In contrast, the MR estimates show only a linear relationship between importance and rank, and NPE 
shows two significant positive quadratic terms. To illustrate, Figure 3 shows the distribution of 
importance weights for each statistical method using the pharmacy data set. The figure uses the rank 
order from the reflective PLS model as a basis for comparison. The convex nature of the reflective PLS 
results are visible in the figure. The figure also reveals some similarity be- tween the formative PLS and 
multiple regression results.  
 Another important finding from Table 2 is that the direct ratings show a significant positive 
quadratic effect in all three data sets. This suggests that the direct ratings are more diagnostic among 
the lower ranked attributes than among the higher ranked attributes. Figure 4 illustrates the finding 
using the distribution of direct importance ratings for the pharmacy data. As reported above, and 
consistent with Doyle, Green, and Bottomley’s (1997) results, there is both a significant linear effect for 
rank and a significantly positive quadratic effect for rank in all three data sets for the direct ratings. 

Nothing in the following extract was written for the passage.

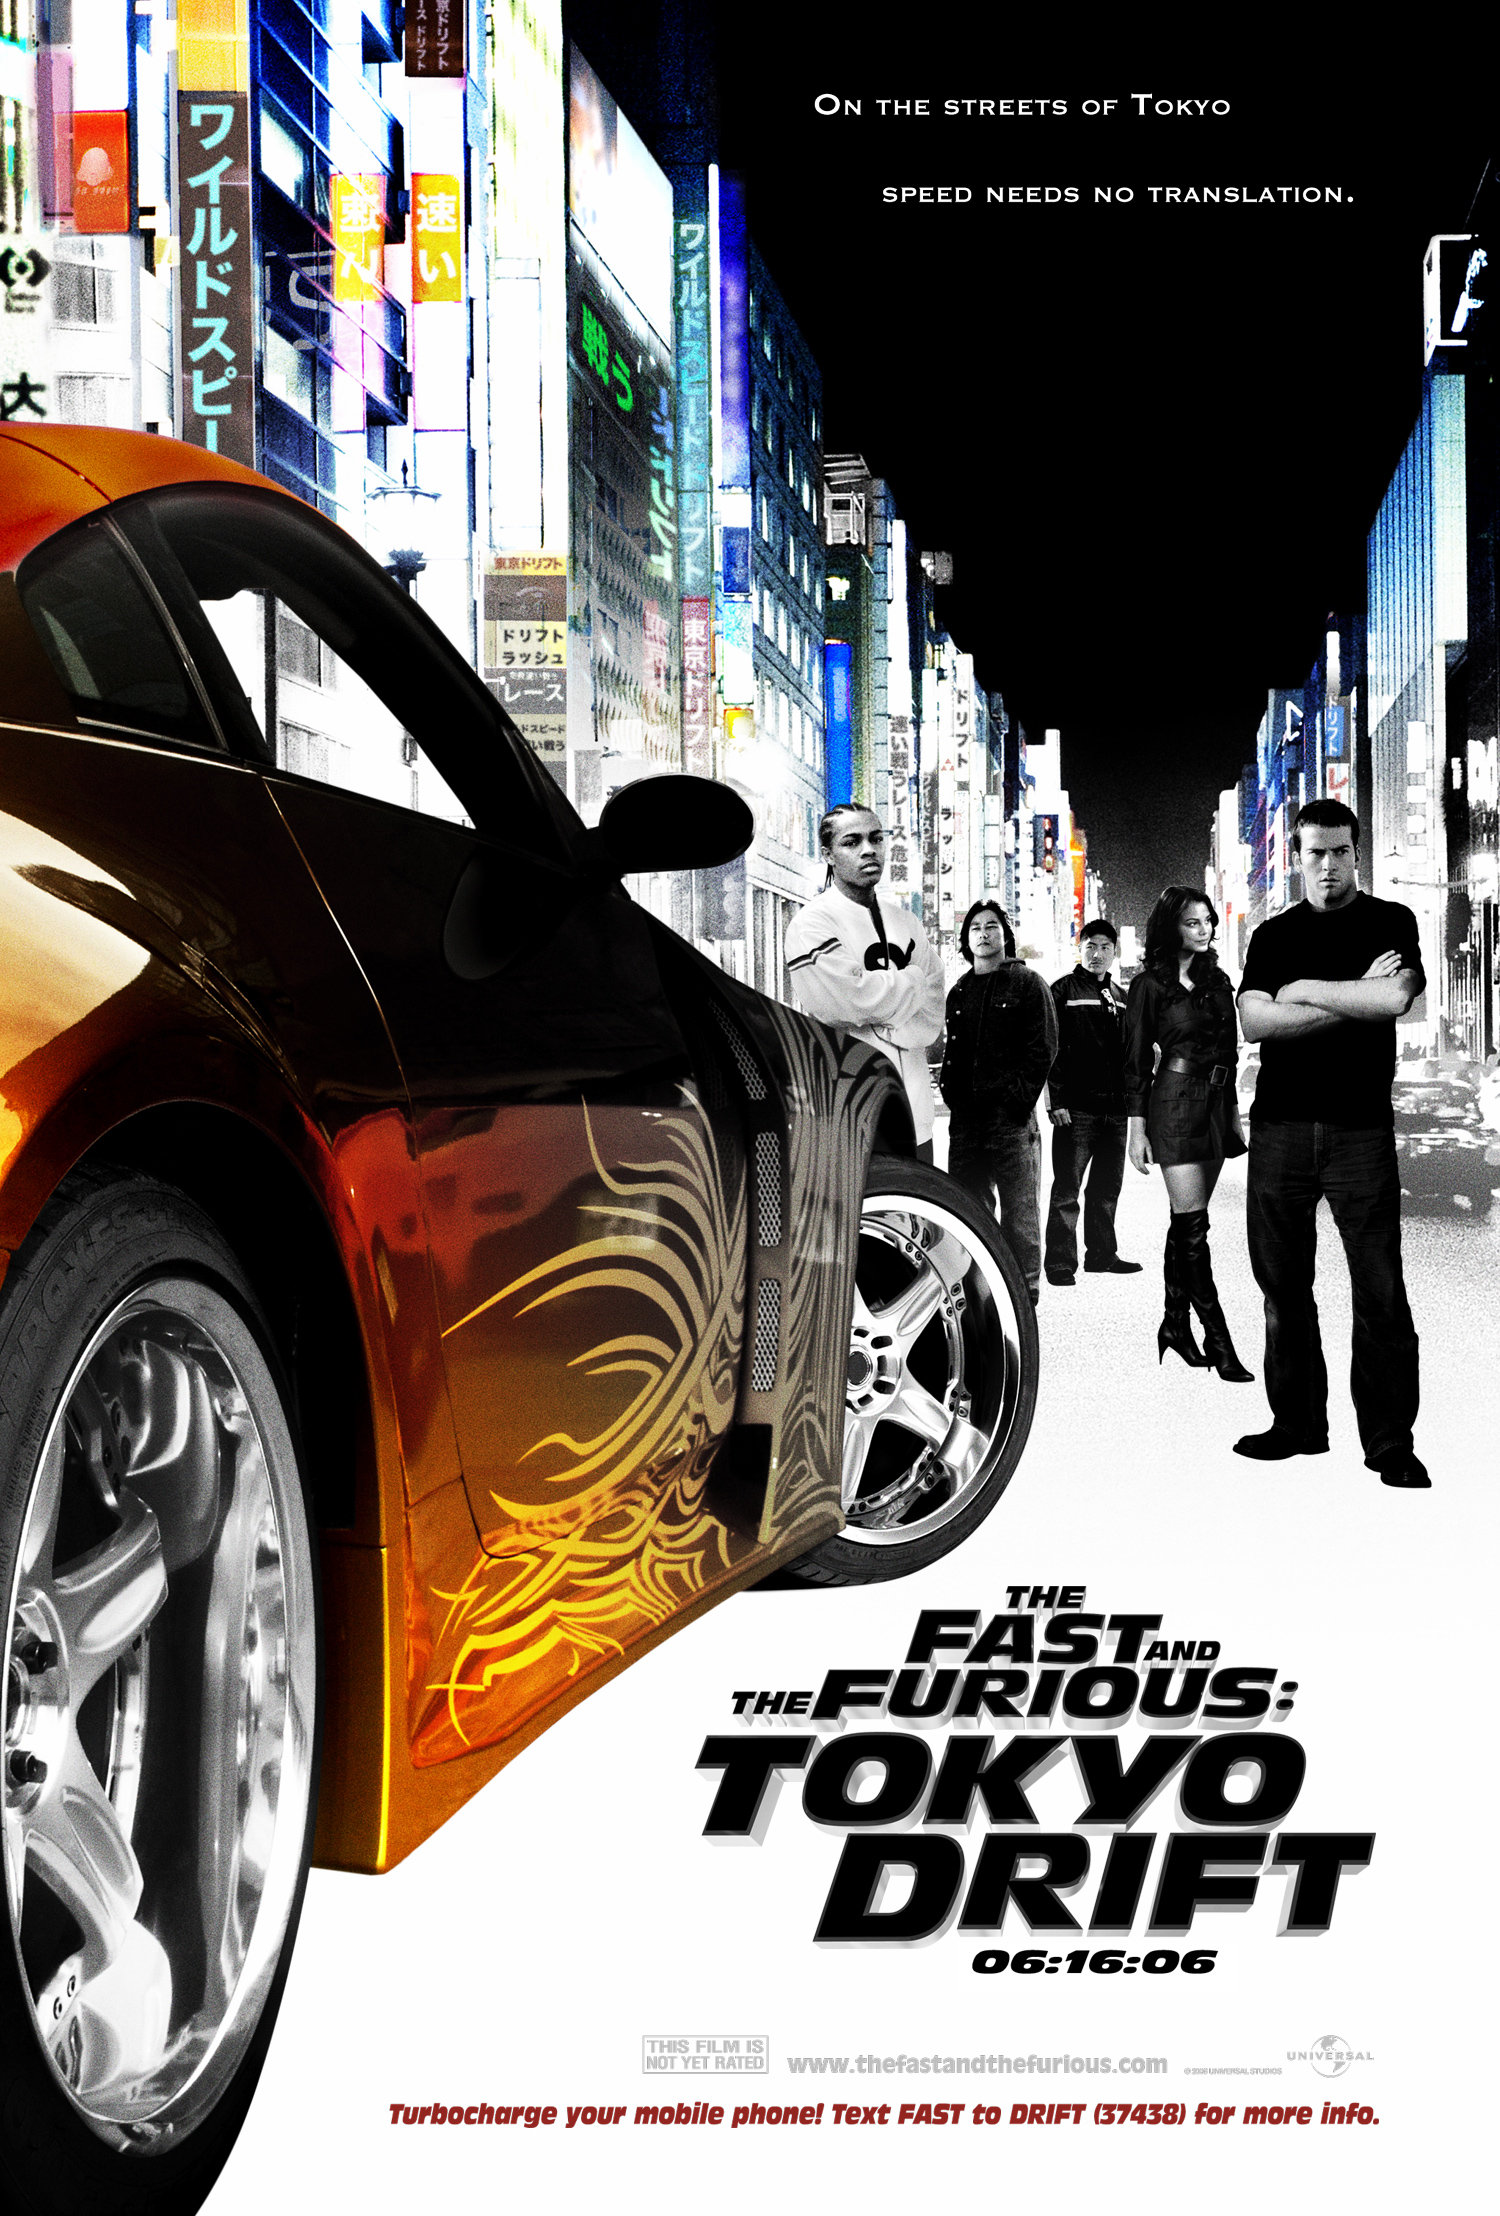 <p><em>toyko drift playing</em></p><p>Sean Boswell (Lucas Black) always feels like an outsider, but he defines himself through his victories as a street racer. His hobby makes him unpopular with the authorities, so he goes to live with his father in Japan. Once there and even more alienated, he learns about an exciting, but dangerous, new style of the sport. The stakes are high when Sean takes on the local champion and falls for the man&apos;s girlfriend.</p>

Thus, the direct ratings are poor at distinguishing among the more important attributes in each model. 
The concave nature of the relationships illustrates how the method is more likely to identify what is 
least important to customers than what is most important to customers. It is worth noting that the most 
important at- tributes according to the direct ratings are distributed across the different latent variables 
in each model. The results are not just a case of all the attributes of a particular benefit being equally 
important. Interestingly, the NPE approach is similarly undiagnostic for the supermarket and pharmacy 
data sets. Recall that this is likely due to the fact that the NPE approach is based on pairwise 
correlations. The attribute performance measures do not compete with each other to explain variation 
(except when computing the total correlation). 
 The size of the positive quadratic terms for the direct measures is generally larger than the size 
of the negative quadratic terms for the statistically derived importance measures (see Table 2). This 
suggests that the concavity observed for the direct ratings is greater than the convexity observed using, 
for example, the PLS methods. Another interesting observation is that the PLS and PCR approaches are 
15 
 
most similar on this criterion when the quality of the measurement model is higher, as for the postal 
services and supermarket data sets. 
 Figure 3 illustrates another difference between the NPE estimates and the other statistical 
methods. The NPE importance measures are higher. Table 3 shows the average level of importance by 
statistical method and model (data set). The differences are greatest for the pharmacy data set and 
smallest for the postal service data set. This is consistent with the earlier argument that, because the 
method is correlation based where importance measures do not compete with each other to explain 
satisfaction, the NPE approach may overstate importance. Again, however, the differences are greatest 
when the measurement model quality is lower (the pharmacy data). When the model quality is higher, 
as for the postal service and supermarket data, the NPE estimates are only marginally higher than the 
other approaches. 
 
Negative measures.  
 
 Another evaluation criterion is each method’s ability to avoid negative weights or measures 
that, for the statistical methods, are difficult to interpret as importance. Recall that the direct ratings are 
positive by definition. Table 4 shows the total number of negative measures in each case as well as the 
number that are negative and significant (in parentheses). Our expectation was that the NPE approach 
should perform quite well on this criterion, followed by the PLS and PCR methods, whereas MR should 
perform the worst. As can be seen from Table 4, these predictions were generally confirmed. In the case 
of MR, 30 out of 87 attributes show negative values, 3 of which are significant. Although one might 
argue that these 3 attribute coefficients are significantly negative by chance, they represent 33% of all 
significant attributes for the MR results. The majority of the negative measures for the PLS and PCR 
methods come from the pharmacy and supermarket models. The negative coefficients in these cases are 
quite small, most of which are only negative at the fourth decimal point. Because NPE avoids overfitting 
by relying on pairwise correlations, negative measures should only occur when the correlations 
themselves are negative. Two negative but nonsignificant correlations occurred for the pharmacy data 
set. 
 
 
Performance of the direct measures. 
 
 Although the direct importance measures show no negative values by definition, they explain 
less variation in satisfaction and are less diagnostic than the other methods. One explanation is that the 
direct measures focus more on what is salient or important going forward, whereas the statistically 
derived measures reflect what is more diagnostic among customers’ more recent experiences 
16 
 
(satisfaction). If this is the case, then the direct measures should perform better when used to explain a 
more forward-looking dependent variable. In the case of a satisfaction model, a natural forward-looking 
variable to examine is loyalty as a measure of customers’ predisposition to behave favorably toward the 
product or company. This loyalty is operationalized in our data sets using either a measure of future 
repurchase likelihood or recommendation likelihood. 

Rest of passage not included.